The sword flared, heat spreading up his arm—hotter and wilder than before. Light forced back the mist just enough to give him air.
He staggered forward, step after step, using the pain to wake himself up, pushing with all the anger he'd carried since the day he learned the truth. The voice lost its calm now. It snapped and crackled in the gloom.
"You can't cut what has no form."
Ade squared his shoulders. "Then I'll give you one."
The sword blazed brighter. The stone altar broke apart. The darkness drew inward, squeezing itself into a narrow, ragged shape—almost a body, almost a face. As the mist solidified, Ade saw his moment.
He lunged. The blade struck home—cutting deep, deeper than he thought possible. And then it stopped, caught fast, the darkness locking around it.
Ade's eyes went wide. Cold shot up his wrist.
"You are not ready." The voice was right in his ear now. Something invisible slammed him backwards. He flew, smashed into rock, and the world went white with pain.

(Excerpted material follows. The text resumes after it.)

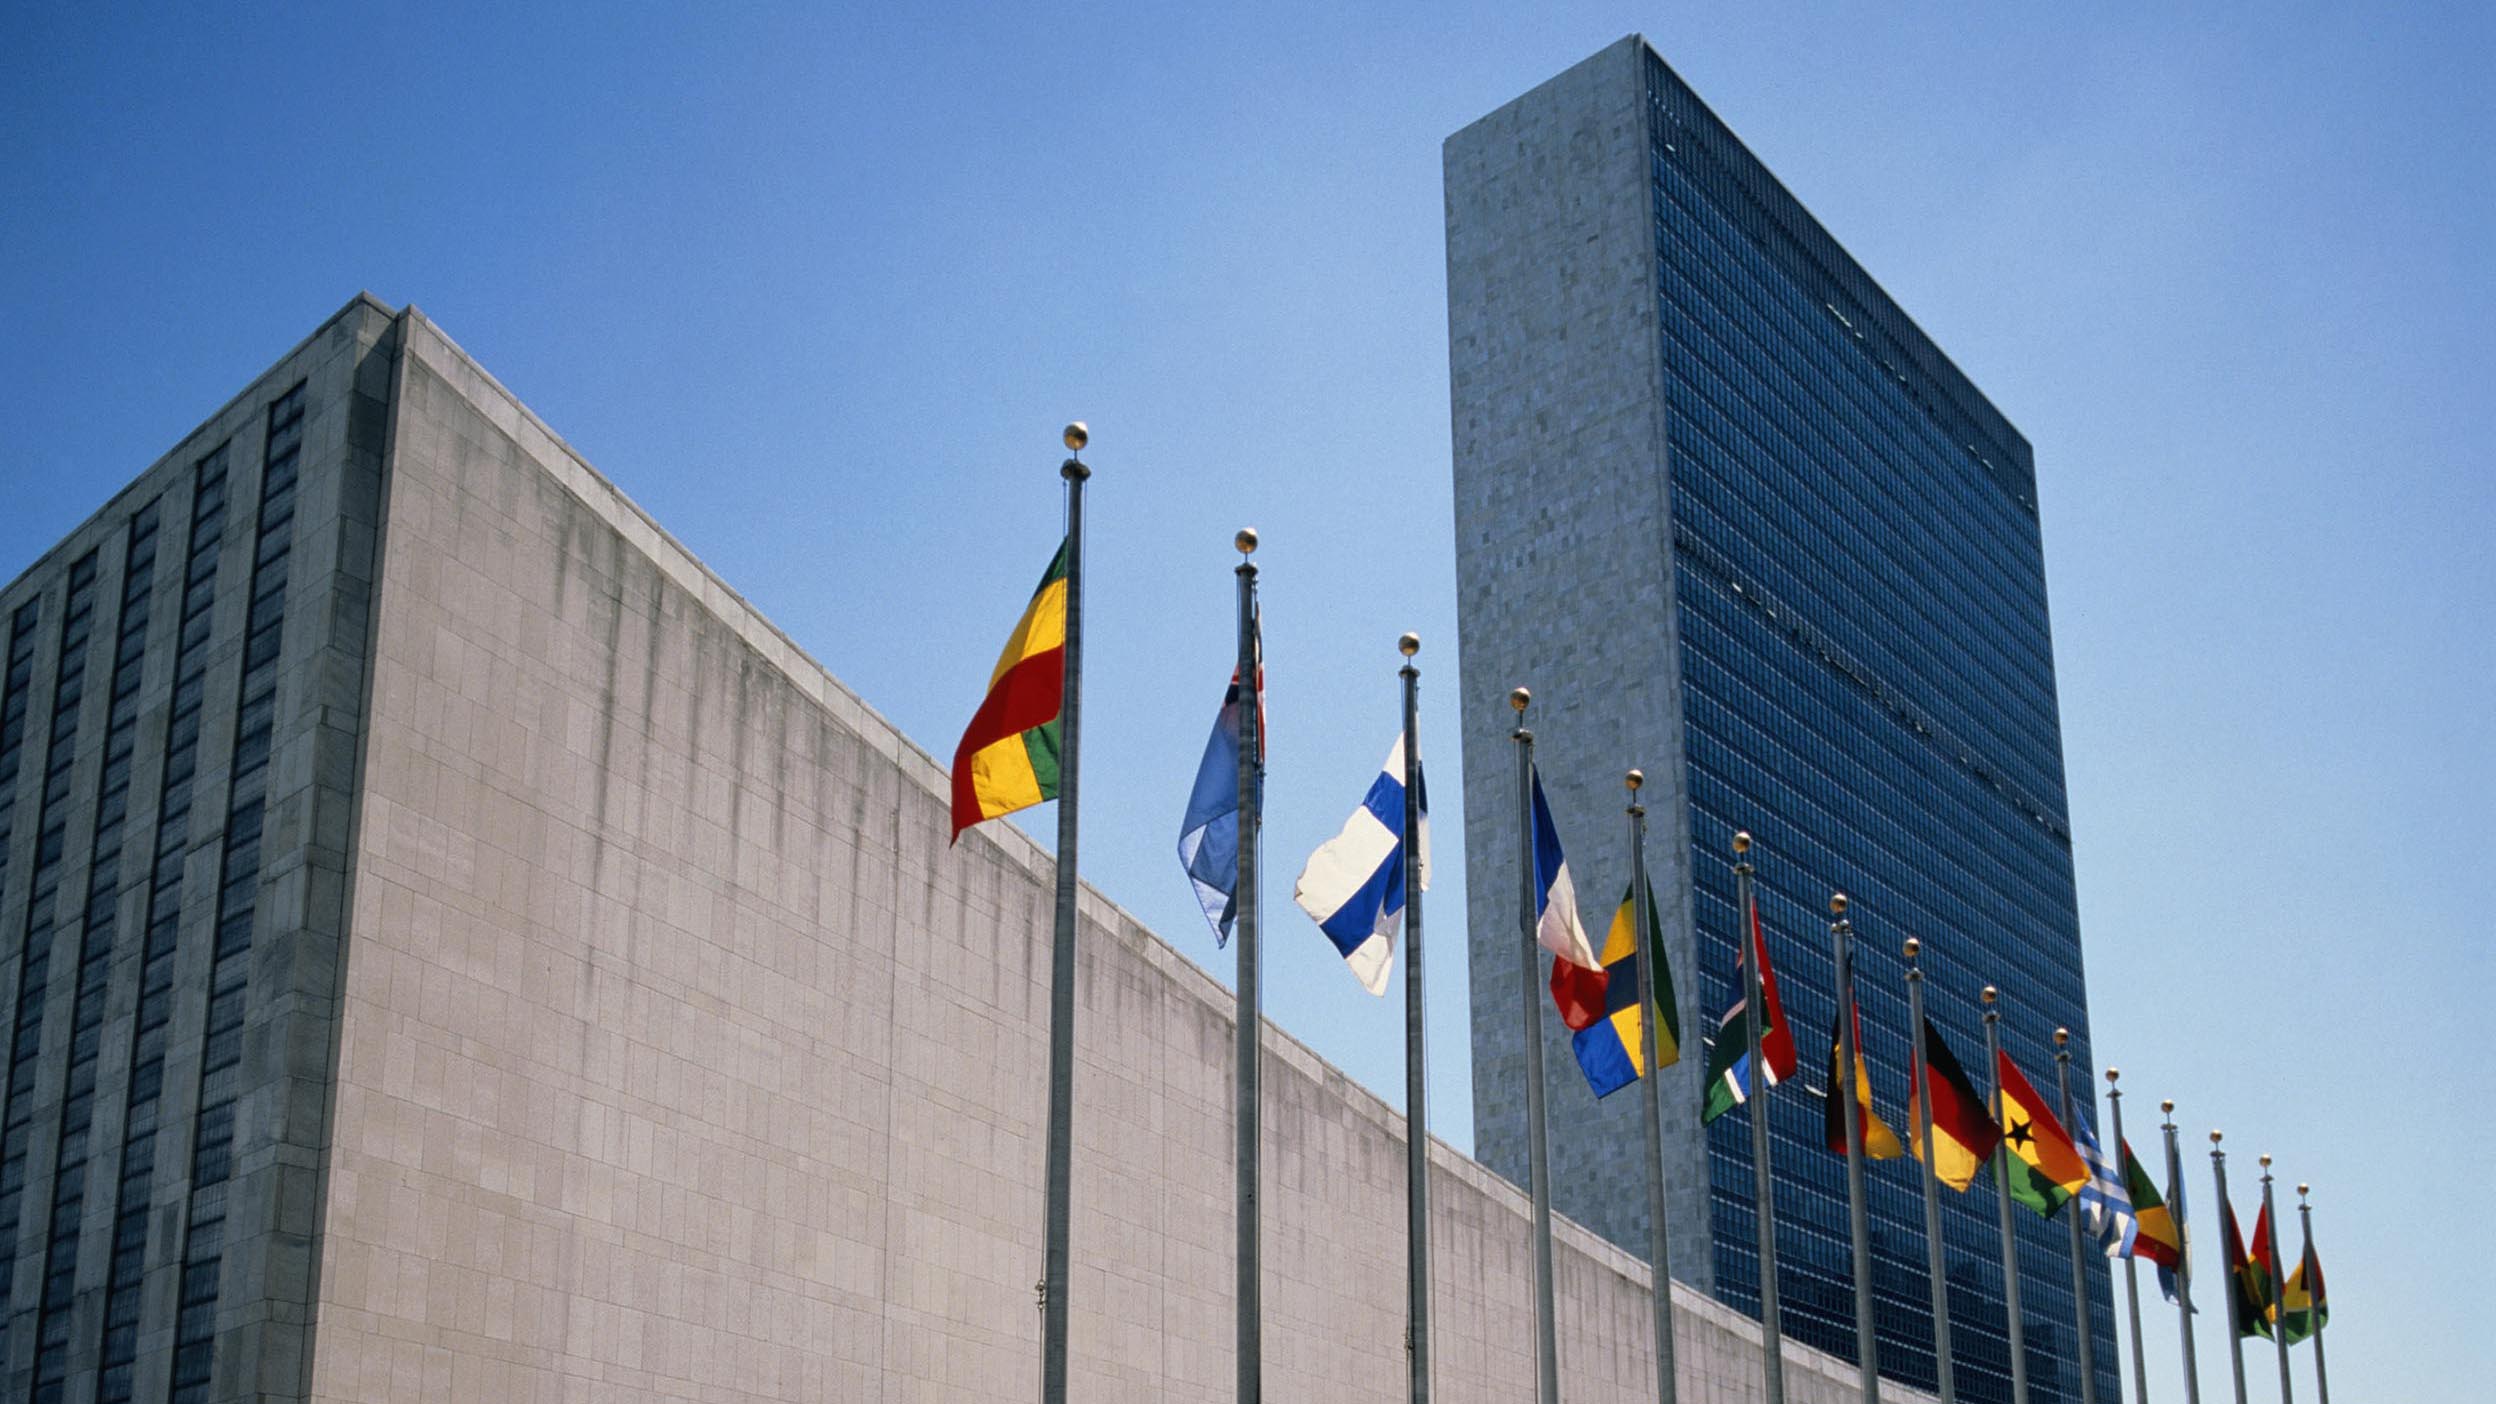 Flags fly in front of the United Nations building.

For a beat he couldn't breathe, couldn't think, just lay there listening to his ribs throb.
The sword's glow faded. The mist spilled out, stronger and thicker than before.
"You will fail, just like he did," the voice whispered.
Ade groaned, forcing himself to sit up, then stand. It would've been so easy to stay down, to let it smother him, but he refused.
He straightened, aching and furious. "No," he said, steady as stone. "I won't."